A trial route for connected and autonomous vehicles (CAVs) is being created in the West Midlands, covering over 300 kilometres of inner city, suburban and rural roads.
The route will extend from Coventry to Birmingham and will take in the University of Warwick, Coventry ring road, roads in Meriden and Solihull, and central Birmingham around the Jewellery Quarter, as well as key interchanges such as Birmingham International Airport and the new HS2 hub in the city. Infrastructure on the route will include smart CCTV, weather stations, communications units and highly accurate GPS.

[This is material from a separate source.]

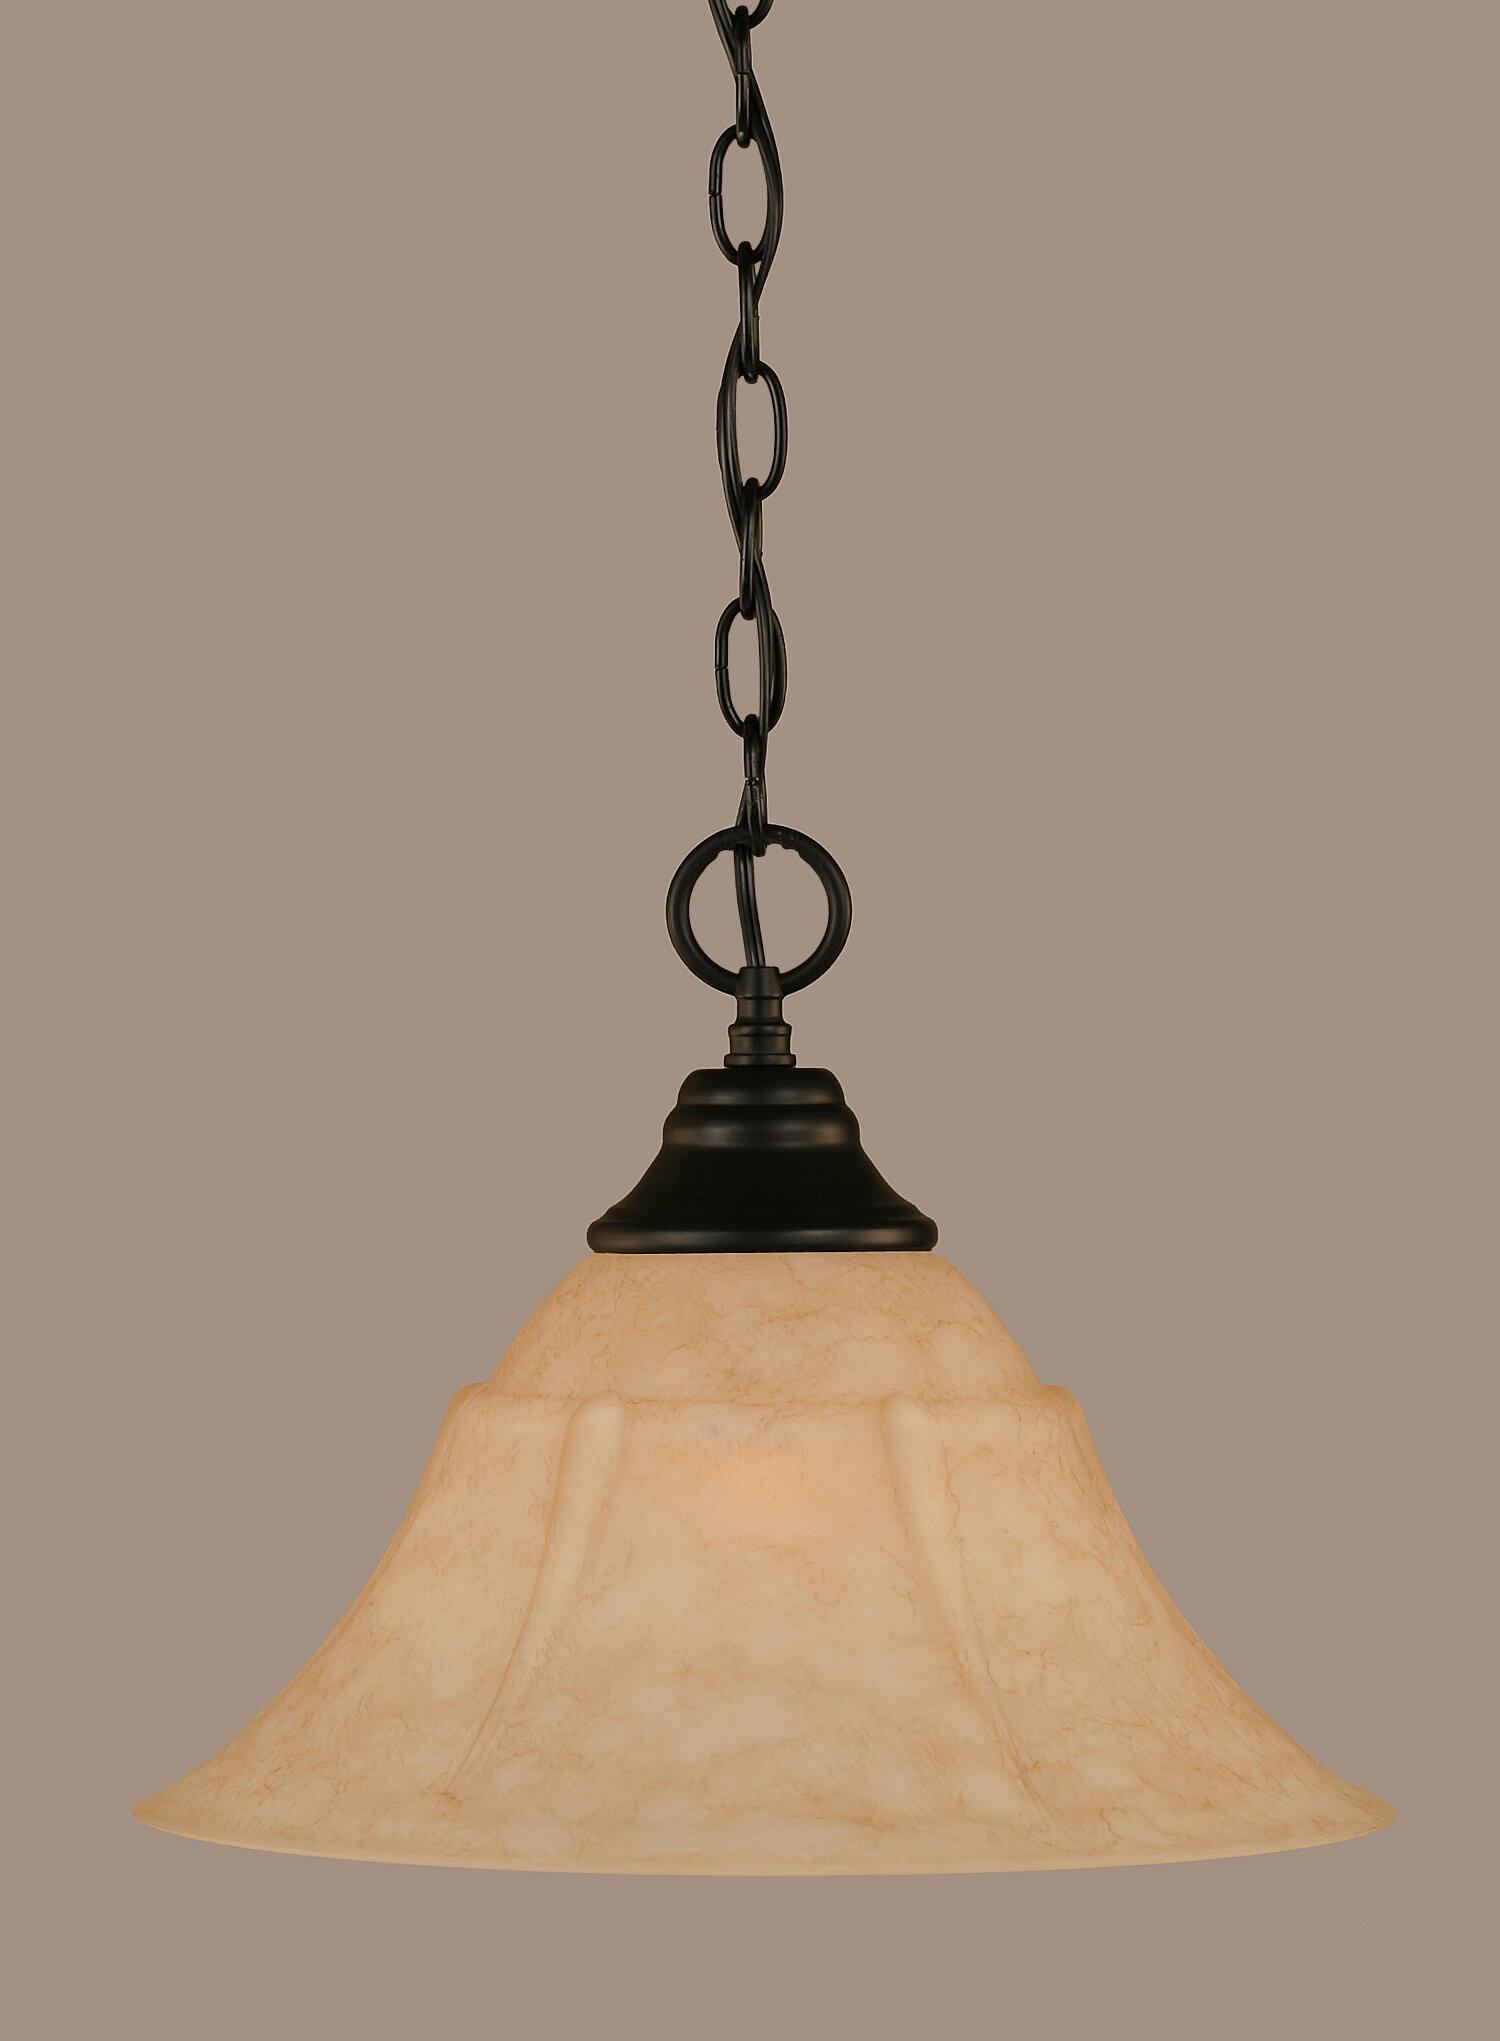 Red Barrel Studio Sinclair 1 Light Single Bell Pendant Wayfair
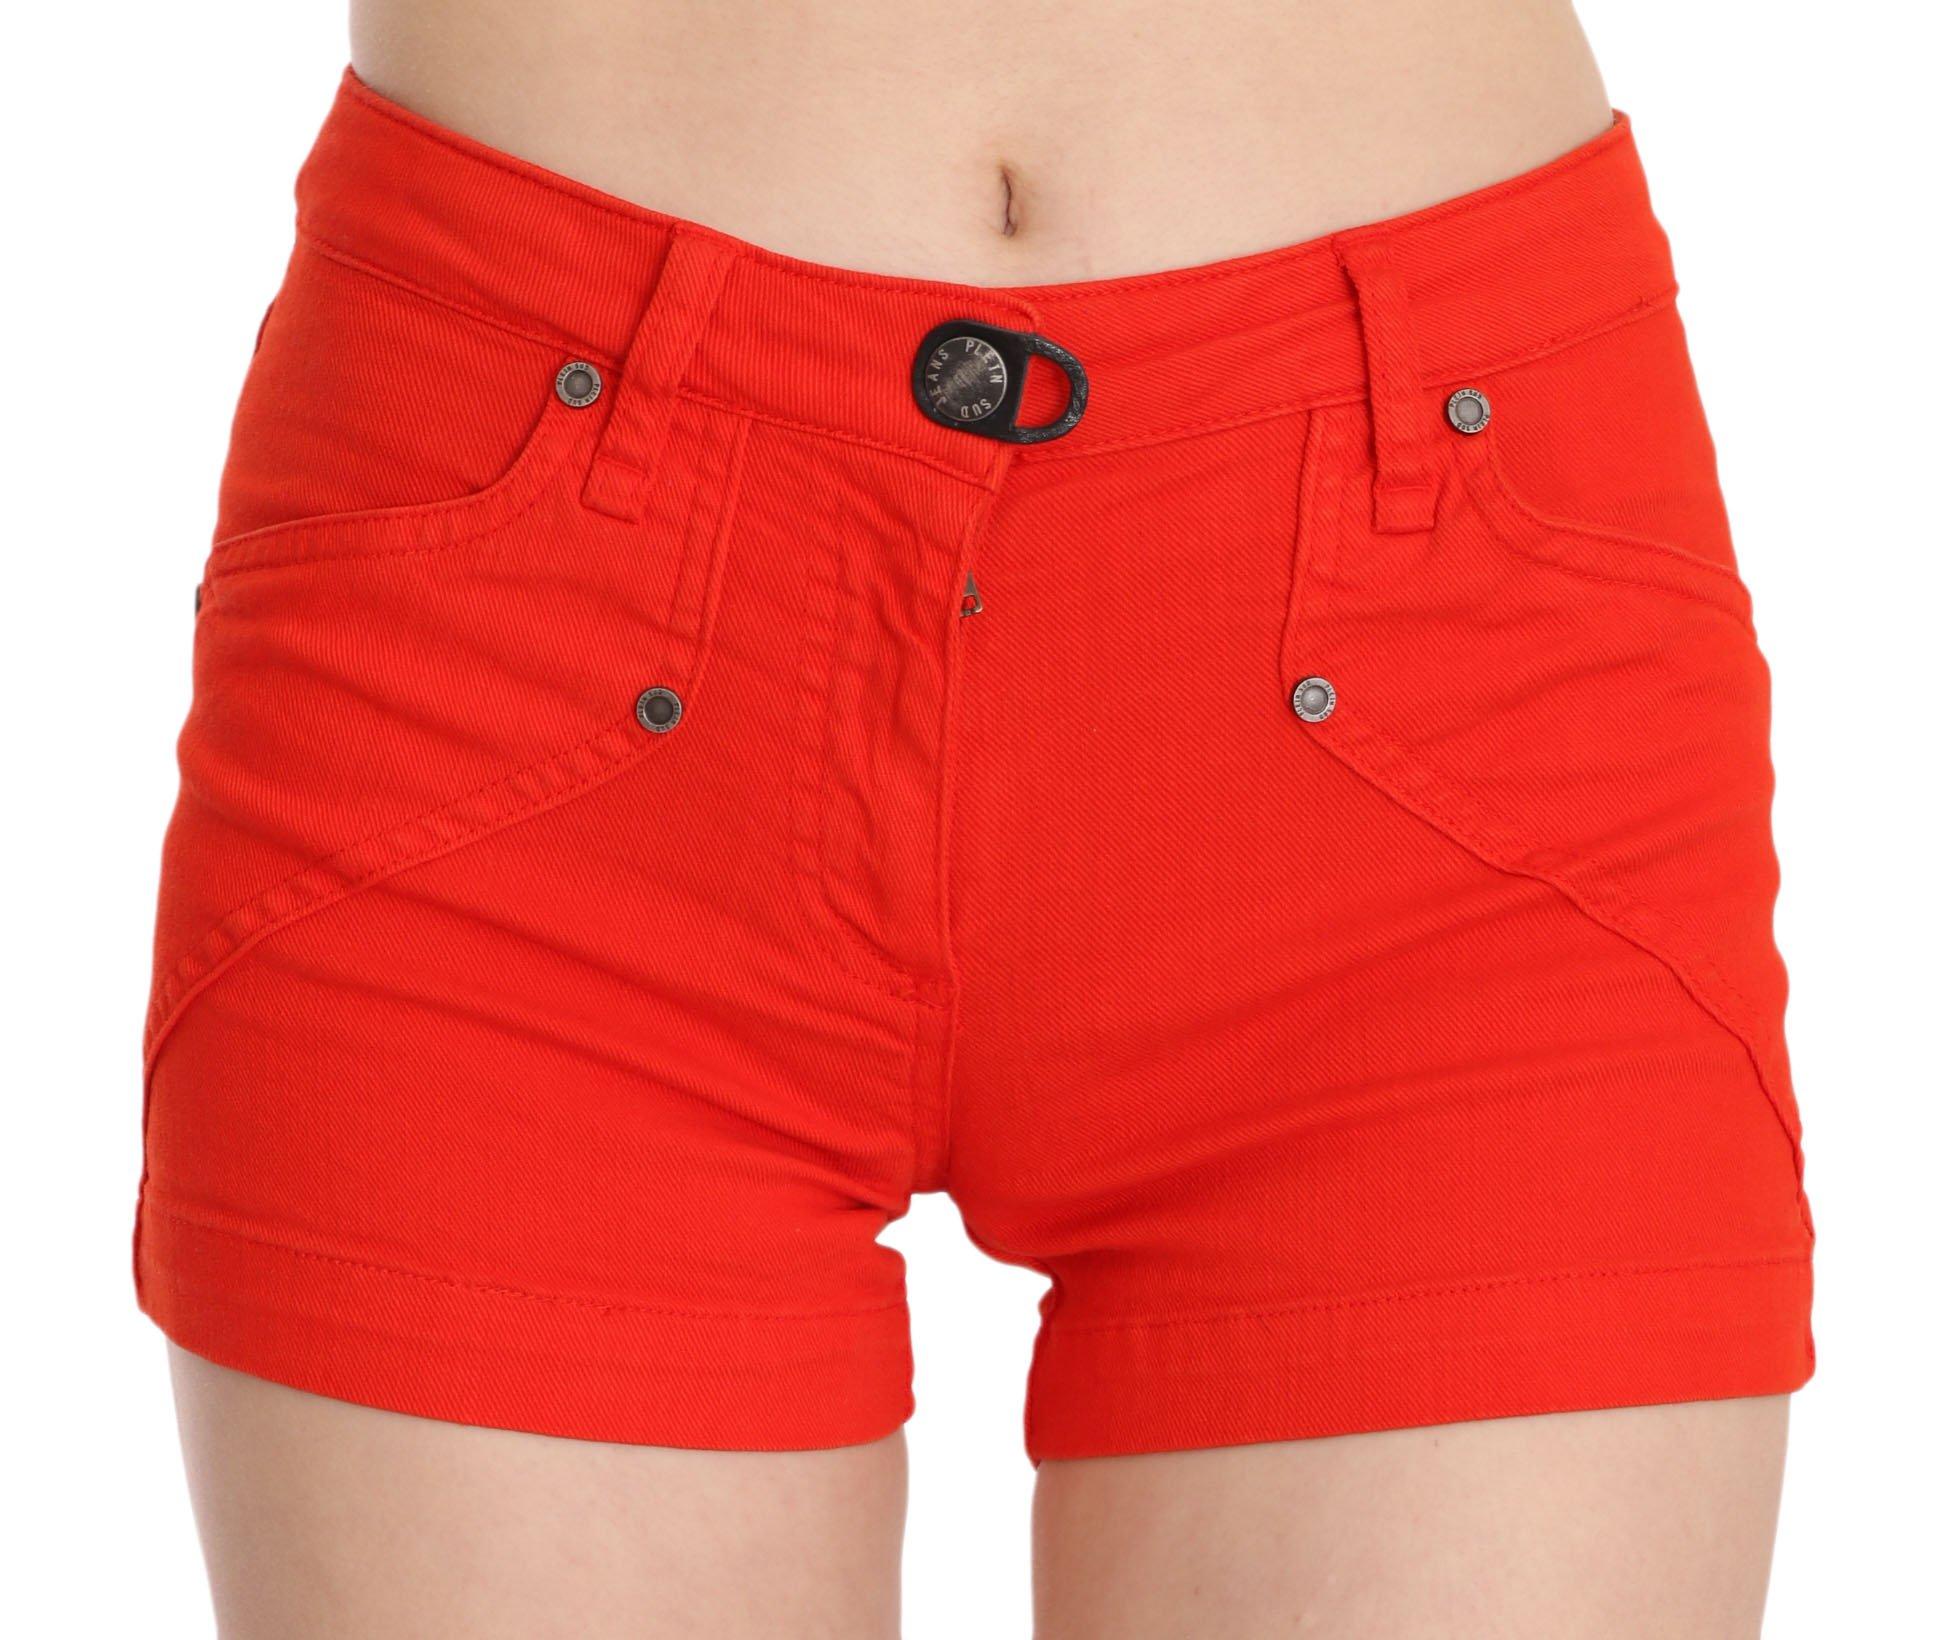 PLEIN SUD Women's Mid Waist Cotton Denim Mini Short Orange PAN70251 - IT36 | XS

According to Midlands Future Mobility, the first vehicles to be trialled along the route will be connected vehicles which can ‘talk’ to each other and warn of traffic, crashes and other hazards on the road ahead.
During the early stages of research none of the vehicles on the route will be driving themselves. When autonomous vehicles are trialled on the route, safety operators will be on board to monitor how they perform and take over immediately in the event of a problem. These vehicles will appear gradually as more and more advanced ‘driver assistance’ systems are tested such as lane centring and auto-speed limiting technology.
Wilke Reints, managing director of Intelligent Traffic Systems for Siemens Mobility in the UK, said that CAVs offer the potential to “improve safety, reduce congestion and help optimise traffic flow” and the new project “allows us collectively to demonstrate how smart technology enables vehicles to be connected via high-speed, high-capacity wireless infrastructure across a whole road network.”
There are plans to extend the route to 350km later this year.